그런 다음 CNN을 사용하여 각 region proposal 에 대한 순방향 전파를 수행하여 해당 features을 추출합니다. 다음으로, 각 region proposal 의 features은 이 region proposal 의 클래스와 경계 상자를 예측하는 데 사용됩니다.

Fig. 14.8.1 shows the R-CNN model. More concretely, the R-CNN consists of the following four steps:

그림 14.8.1은 R-CNN 모델을 보여준다. 보다 구체적으로 R-CNN은 다음 네 단계로 구성됩니다.

Perform selective search to extract multiple high-quality region proposals on the input image (Uijlings et al., 2013). These proposed regions are usually selected at multiple scales with different shapes and sizes. Each region proposal will be labeled with a class and a ground-truth bounding box.

입력 이미지에서 여러 고품질 region proposals을 추출하기 위해 선택적 검색을 수행합니다(Uijlings et al., 2013). 이러한 제안된 영역은 일반적으로 모양과 크기가 다른 여러 척도에서 선택됩니다. 각 region proposals은 클래스와 ground-truth 경계 상자로 레이블이 지정됩니다.
Choose a pretrained CNN and truncate it before the output layer. Resize each region proposal to the input size required by the network, and output the extracted features for the region proposal through forward propagation.

사전 훈련된 CNN을 선택하고 출력 계층 앞에서 자릅니다. 각 region proposal의 크기를 네트워크에서 요구하는 입력 크기로 조정하고 순방향 전파를 통해 추출된 region proposal의 -features- 특징을 출력합니다.
Take the extracted features and labeled class of each region proposal as an example. Train multiple support vector machines to classify objects, where each support vector machine individually determines whether the example contains a specific class.

각 지역 제안 region proposal 의 추출된 기능 features 과 레이블이 지정된 클래스를 예로 들어 보겠습니다. 여러 서포트 벡터 머신을 훈련시켜 개체를 분류합니다. 여기서 각 서포트 벡터 머신은 예제에 특정 클래스가 포함되어 있는지 여부를 개별적으로 결정합니다.
Take the extracted features and labeled bounding box of each region proposal as an example. Train a linear regression model to predict the ground-truth bounding box.

각 지역 제안 region proposal의 추출된 특징과 레이블이 지정된 경계 상자를 예로 들어 보겠습니다. ground-truth 경계 상자를 예측하도록 선형 회귀 모델을 훈련합니다.

Although the R-CNN model uses pretrained CNNs to effectively extract image features, it is slow. Imagine that we select thousands of region proposals from a single input image: this requires thousands of CNN forward propagations to perform object detection. This massive computing load makes it infeasible to widely use R-CNNs in real-world applications.

R-CNN 모델은 사전 훈련된 CNN을 사용하여 이미지 특징을 효과적으로 추출하지만 속도가 느립니다. 단일 입력 이미지에서 수천 개의 지역 제안 region proposals을 선택한다고 상상해보십시오. 개체 감지를 수행하려면 수천 개의 CNN 정방향 전파가 필요합니다. 이 막대한 컴퓨팅 부하로 인해 실제 응용 프로그램에서 R-CNN을 널리 사용하는 것이 불가능합니다.

Region Proposal 이란?

A "Region Proposal" refers to a process in object detection tasks where potential regions or bounding boxes containing objects of interest are proposed within an image. In object detection, the goal is to identify and localize objects within an image, often by drawing bounding boxes around them. However, directly applying object detection algorithms to all possible image regions can be computationally expensive and inefficient.

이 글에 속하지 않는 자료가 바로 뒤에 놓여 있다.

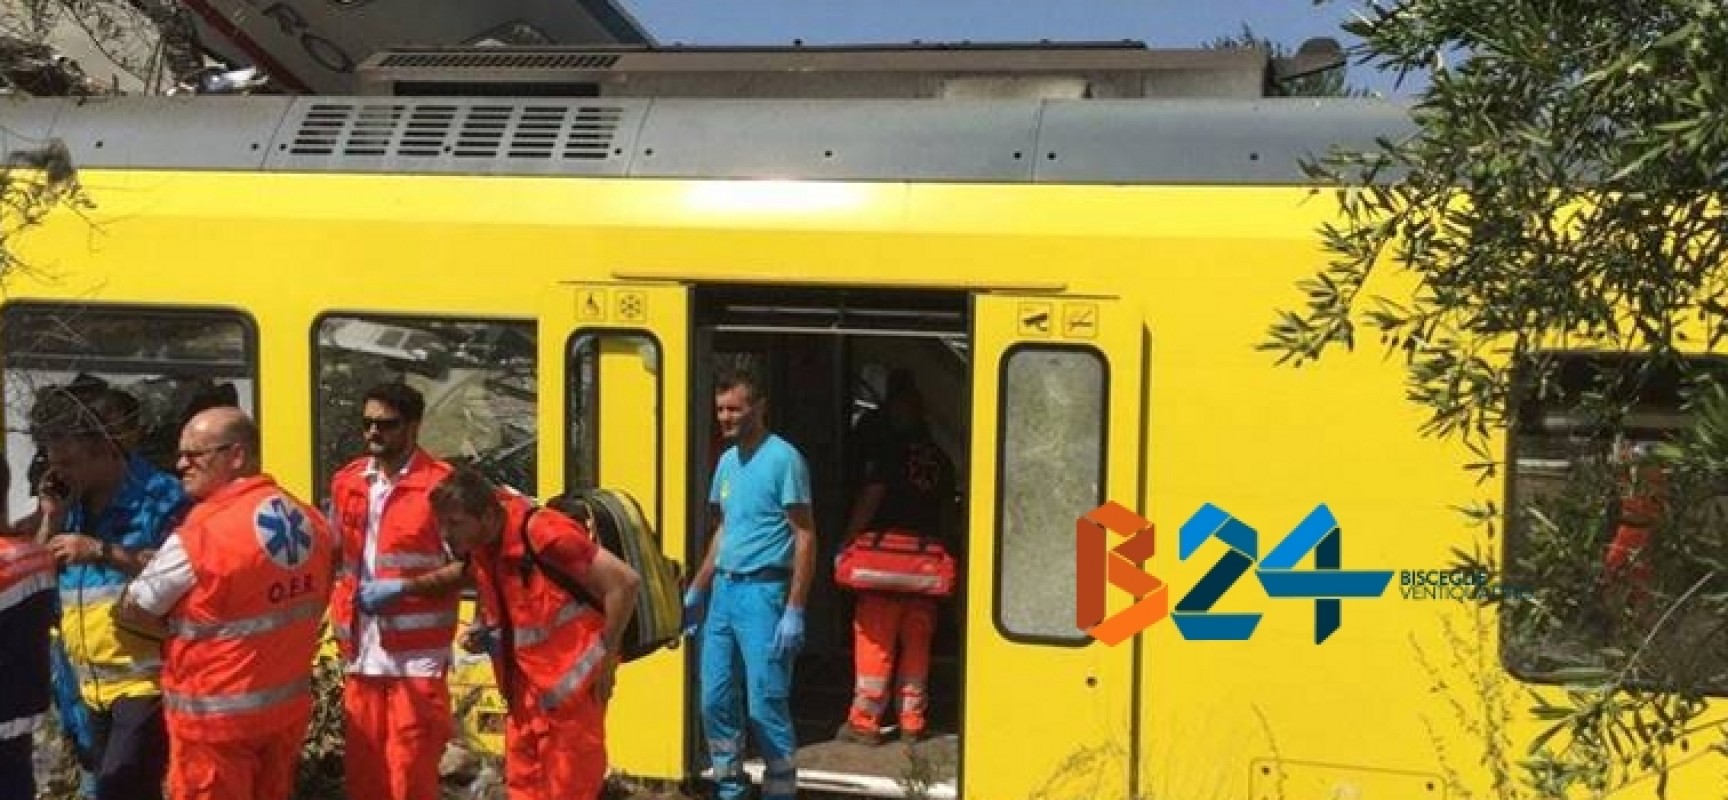 Strage ferroviaria: tra i soccorritori anche l’Oer Bisceglie, “Immagini difficili da dimenticare” / FOTO

"Region Proposal(영역 제안)"은 객체 검출 작업에서 이미지 내에 관심 대상 객체가 포함될 가능성이 있는 영역 또는 경계 상자를 제안하는 과정을 의미합니다. 객체 검출에서의 목표는 이미지 내에서 객체를 식별하고 위치를 파악하는 것인데, 모든 가능한 이미지 영역에 대해 직접 객체 검출 알고리즘을 적용하는 것은 계산적으로 부담스럽고 비효율적일 수 있습니다.

To address this, region proposal methods are used to narrow down the search space for object detection. These methods aim to generate a relatively small set of potential regions or bounding boxes that are likely to contain objects. These proposals serve as the input to the subsequent object detection algorithm, significantly reducing the computational burden.

이러한 문제를 해결하기 위해 영역 제안 방법을 사용하여 객체 검출을 위한 검색 공간을 좁힙니다. 이러한 방법은 객체가 포함될 가능성이 높은 상대적으로 작은 영역이나 경계 상자 세트를 생성하는 것을 목표로 합니다. 이러한 제안은 후속 객체 검출 알고리즘의 입력으로 사용되며, 계산 부담을 크게 줄여줍니다.

There are various techniques for generating region proposals. Some common methods include:

영역 제안을 생성하는 다양한 기법이 있습니다. 일반적인 방법은 다음과 같습니다:

Sliding Window Approach: A small window of fixed size is moved across the image at different scales and positions. Bounding boxes are generated for each window location. This approach can be computationally intensive due to the need to slide the window over the entire image.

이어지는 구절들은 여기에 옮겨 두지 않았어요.